Caitlan Truelove recently graduated from Syracuse University with a Master of Music in Violin Performance and a Certificate in University Teaching. Her research interests include gender and music, performance practice, and film music. More information can be found here.

[1] Frank Lehman, “Manufacturing the Epic Score: Hans Zimmer and the Sounds of Significance,” in Music in Epic Film: Listening to Spectacle, ed. Stephen Meyer (New York: Routledge, 2017), 33.
[2] Janet Halfyard, “Cue the Big Theme? The Sound of the Superhero,” in The Oxford Handbook of New Audiovisual Aesthetics, ed.
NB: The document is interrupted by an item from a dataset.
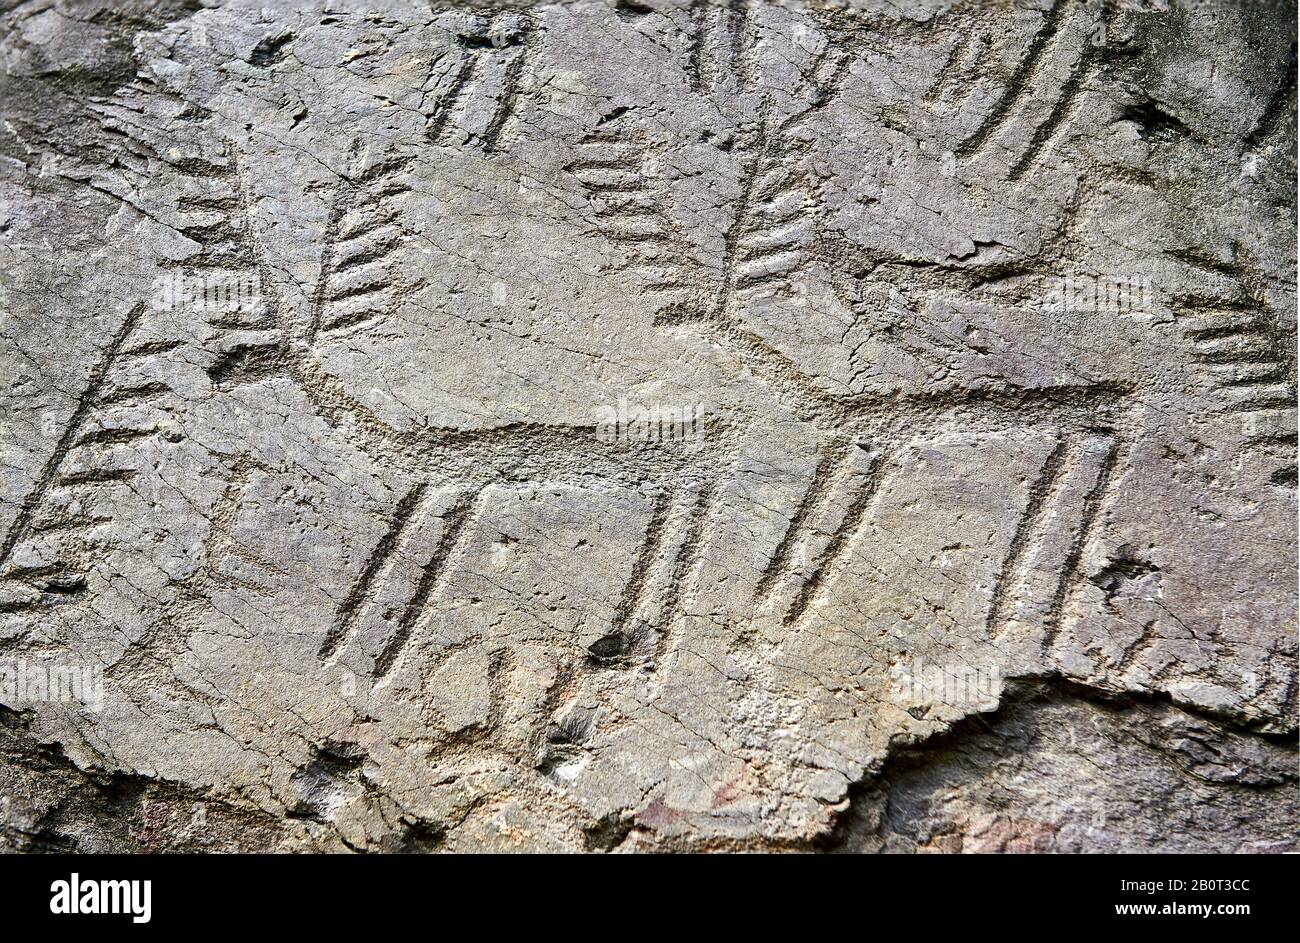 Prehistoric  petroglyphs, rock carvings, of deer in an ancient snctuary carved by the the ancient Camuni people in the Copper Age around the 3rd mille Stock Photo

John Richardson, Claudia Gorbman, and Carol Vernallis (New York: Oxford University Press, 2013), 185.
[3] Ibid, 190.
[4] Ben Jameson, “’Rock Spectrale’: The Cultural Identity of the Electric Guitar in Tristan Murail’s ‘Vampyr!’,” Tempo 69, no. 274 (2015): 22.
[5] Steve Waksman, Instruments of Desire: The Electric Guitar and the Shaping of Musical Experience (Cambridge, MA: Harvard University Press, 2001), 5.